Case Study 2 — The Disk That Filled at 2 a.m.

DataField.Dev

Case Study 2 — The Disk That Filled at 2 a.m.

One of the most common — and most preventable — database outages: the disk fills up, and PostgreSQL grinds to a halt because it can no longer write. The cause was a stalled WAL-archiving process and the absence of disk-space monitoring. Both are basic operational hygiene.

Background

A company ran self-hosted PostgreSQL with WAL archiving enabled for point-in-time recovery (Chapter 28/38): each WAL segment was copied to an archive location (a network share) before being recycled. One night, the network share became unreachable (a credentials expiry). PostgreSQL, doing exactly what it's designed to do, refused to recycle WAL segments that hadn't been successfully archived — because discarding un-archived WAL would break recoverability.

So WAL piled up on the local disk. With no one watching disk space, it filled steadily through the night. At ~2 a.m., the disk hit 100% full. PostgreSQL could no longer write WAL — and since it can't commit anything without writing WAL (durability, Chapter 28) — the database effectively stopped accepting writes. The application went down. On-call was paged into a confusing 2 a.m. incident: "the database is up but nothing works."

What went wrong: two missing safeguards

A stalled archive command silently accumulated WAL. When archive_command keeps failing (the unreachable share), PostgreSQL correctly retains WAL rather than lose it — but that means WAL grows without bound on the local disk until the archive recovers. Nobody was alerted that archiving was failing.
No disk-space monitoring/alerting. The disk filled over hours — ample time to react — but there was no alert on free space. The first signal anyone got was the outage itself. A disk-usage alert at 80% would have turned a 2 a.m. catastrophe into a routine daytime fix.

A full disk is one of the most preventable outages: it happens gradually, it's trivial to monitor, and the failure mode (database halts because it can't write) is well known.

The fix and recovery

Immediate recovery: the on-call freed space carefully (you must not delete WAL files manually — that breaks recovery; instead they archived the backlog or expanded the volume), restored the archive destination (renewed credentials), let PostgreSQL drain its WAL backlog to the archive, and the database resumed.

Prevention:

Monitor and alert on free disk space — alert well before full (e.g., 80%/90%), for the data volume and the WAL volume.

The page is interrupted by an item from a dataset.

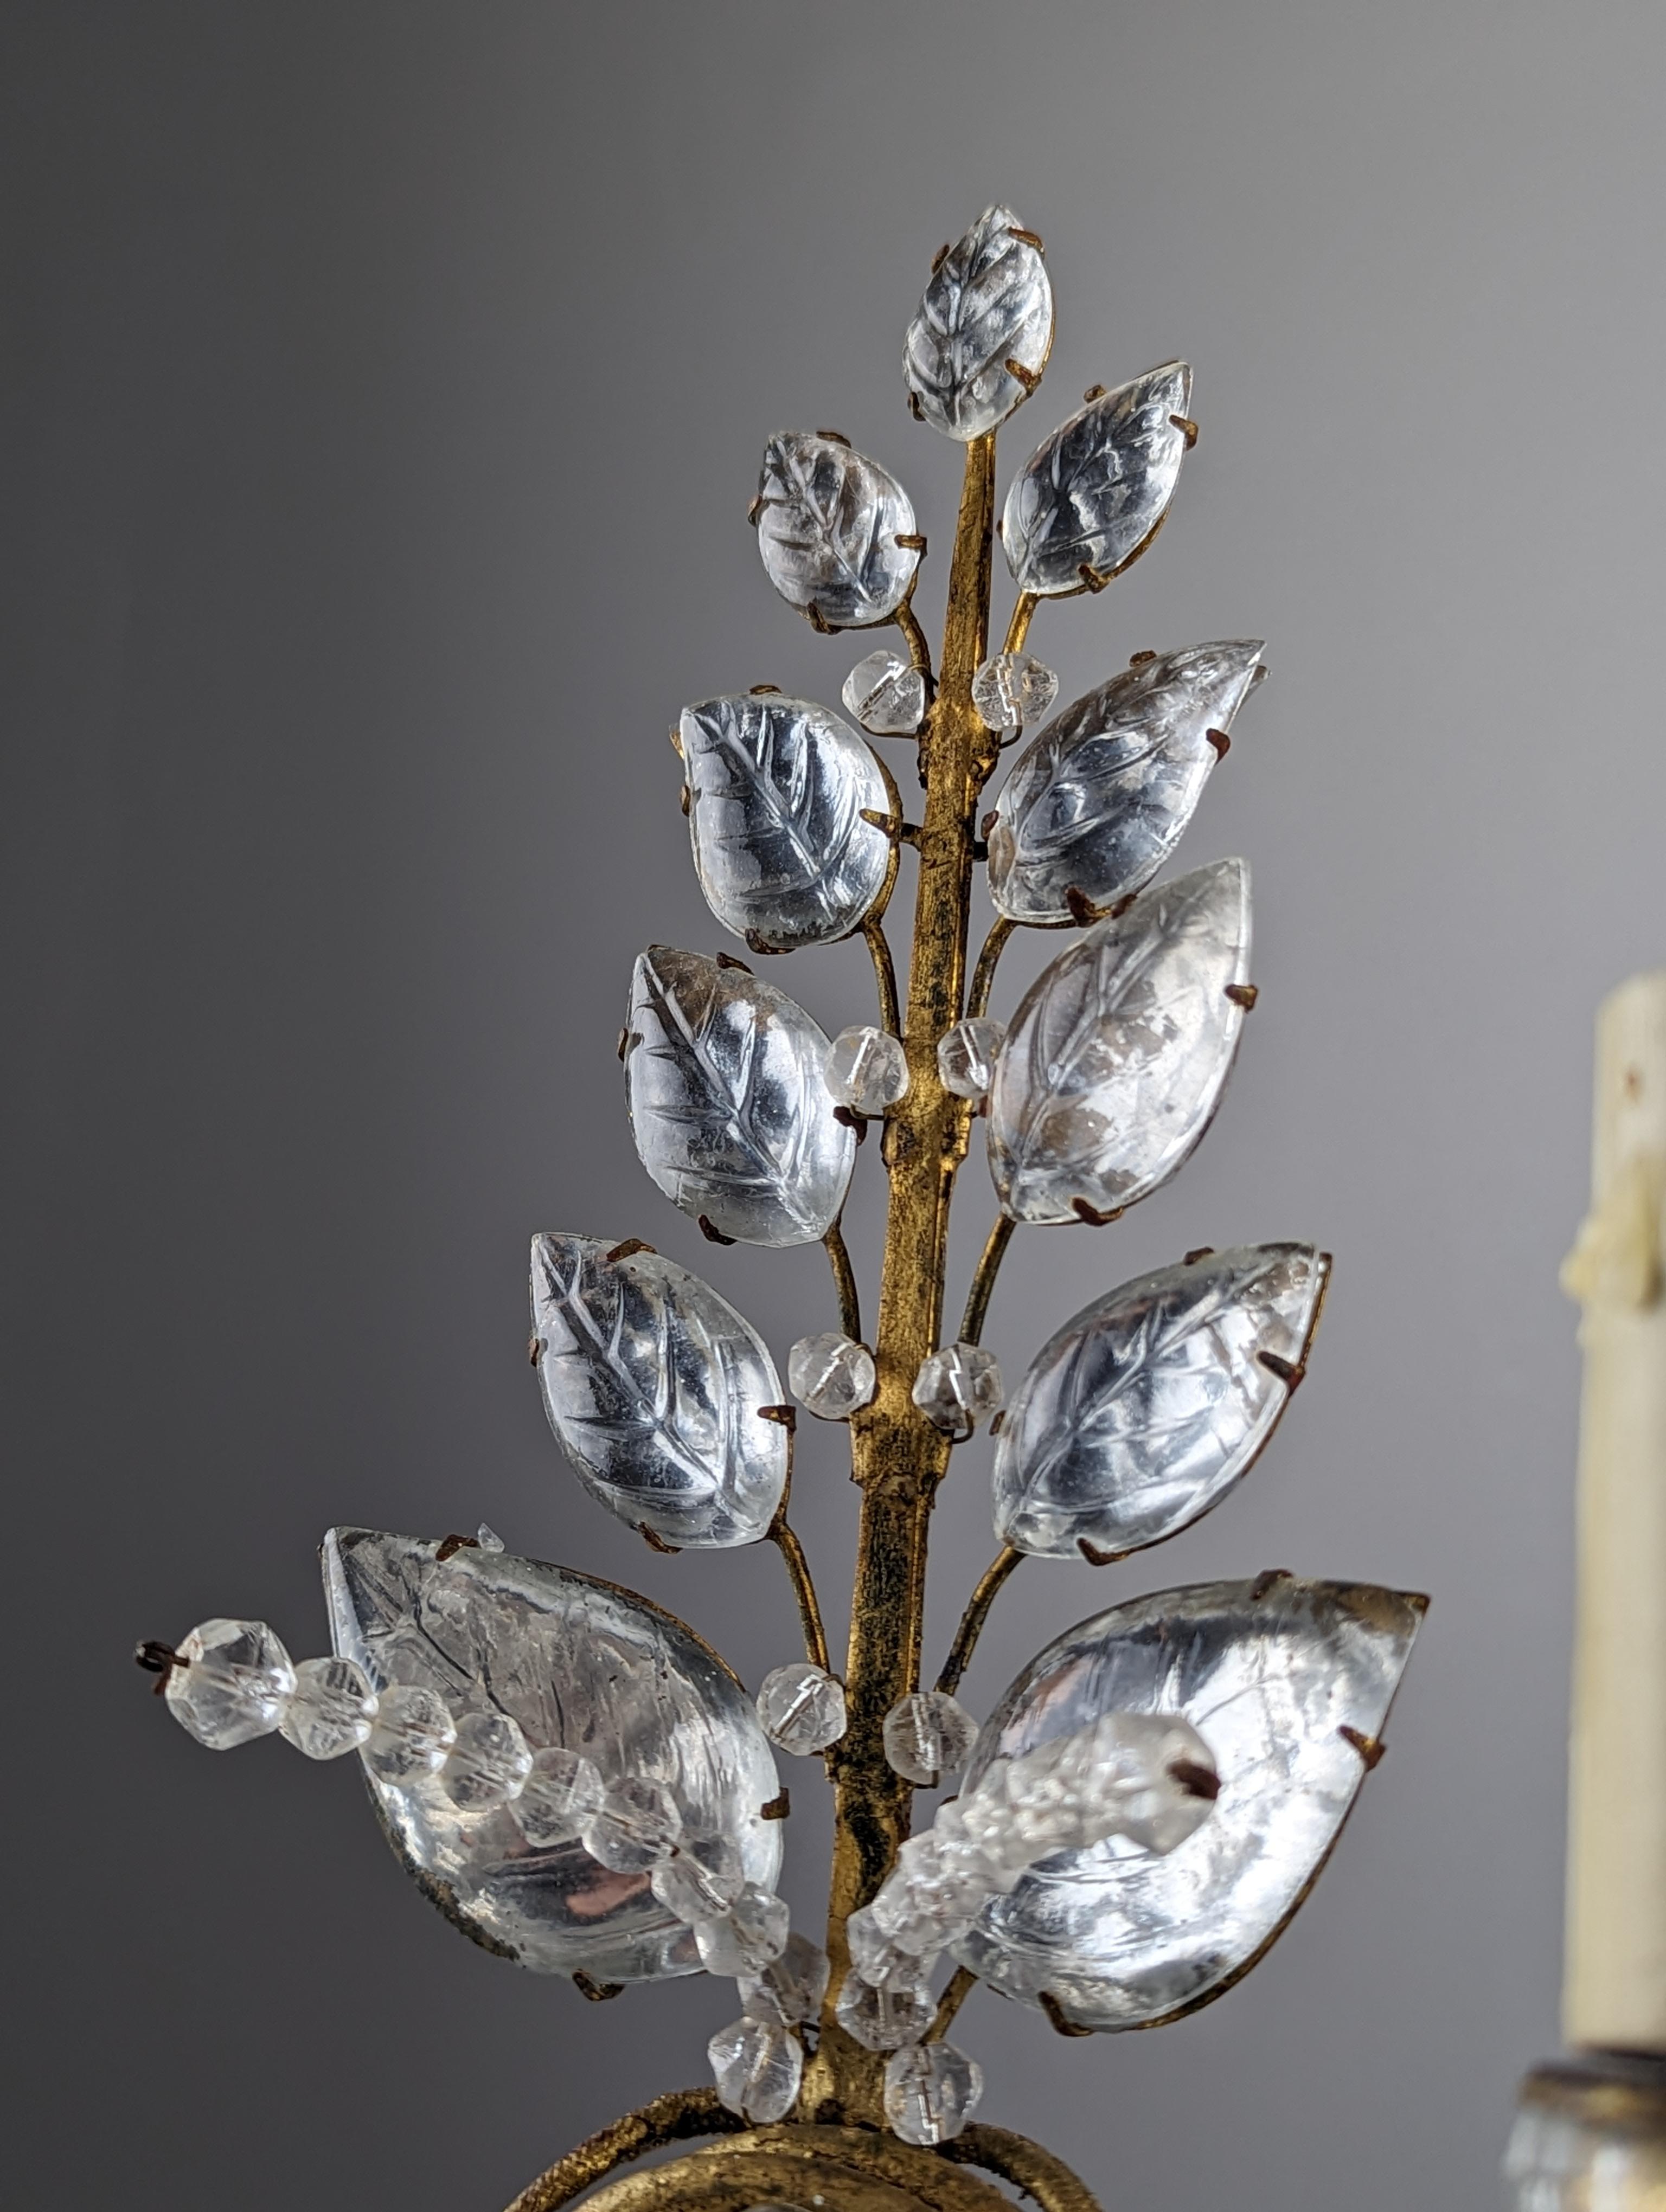 Beautiful set of three sconces attributed to Maison Baguès, produced in Paris, France at the beginning of the century showing the quality and craftsmanship of the prestigious French house. The crystal leaves delicately set in gold metal, two spikes

The single most important fix.
Monitor archive_command success / archiver lag — alert when archiving starts failing, so a stalled archive is caught while there's still disk, not after WAL has piled up for hours.
Put WAL on its own volume (a common practice) so WAL growth can't fill the data disk (and vice versa), and so it's monitored separately.
Set retention/cleanup correctly and consider tools (pgBackRest, barman) that manage WAL archiving and retention robustly.

The analysis

A full disk halts the database. PostgreSQL must write WAL to commit (durability, Chapter 28); no disk space → no writes → effective outage. It's among the most common production database incidents, and among the most preventable.
WAL accumulates when archiving stalls — by design. PostgreSQL retains un-archived WAL rather than risk recoverability. That's correct, but it means a failing archive_command is a slow-motion disk-fill. You must monitor archiving health, not assume it.
Monitor disk space and alert early. The outage was preventable with a single threshold alert; the disk filled over hours. Free space (data and WAL) is a must-monitor metric. (Chapter 38's monitoring discipline applied.)
Never manually delete WAL to free space. It's tempting at 2 a.m., but deleting un-archived/needed WAL breaks PITR and can corrupt recovery. Free space the right way (expand the volume, fix archiving, use proper tooling).
Separate concerns with separate volumes and robust tooling. Putting WAL on its own volume contains the blast radius; dedicated backup tools (pgBackRest/barman) handle archiving and retention more safely than a hand-rolled archive_command.

Discussion questions

Why did WAL pile up when the archive destination became unreachable? Why is that PostgreSQL behaving correctly?
Why does a full disk halt PostgreSQL specifically (tie to the WAL/durability)?
What single monitoring alert would have prevented the 2 a.m. outage?
Why must you not manually delete WAL files to free space?
⭐ Design the monitoring/alerting you'd put in place for a self-hosted PostgreSQL with WAL archiving. What metrics and thresholds?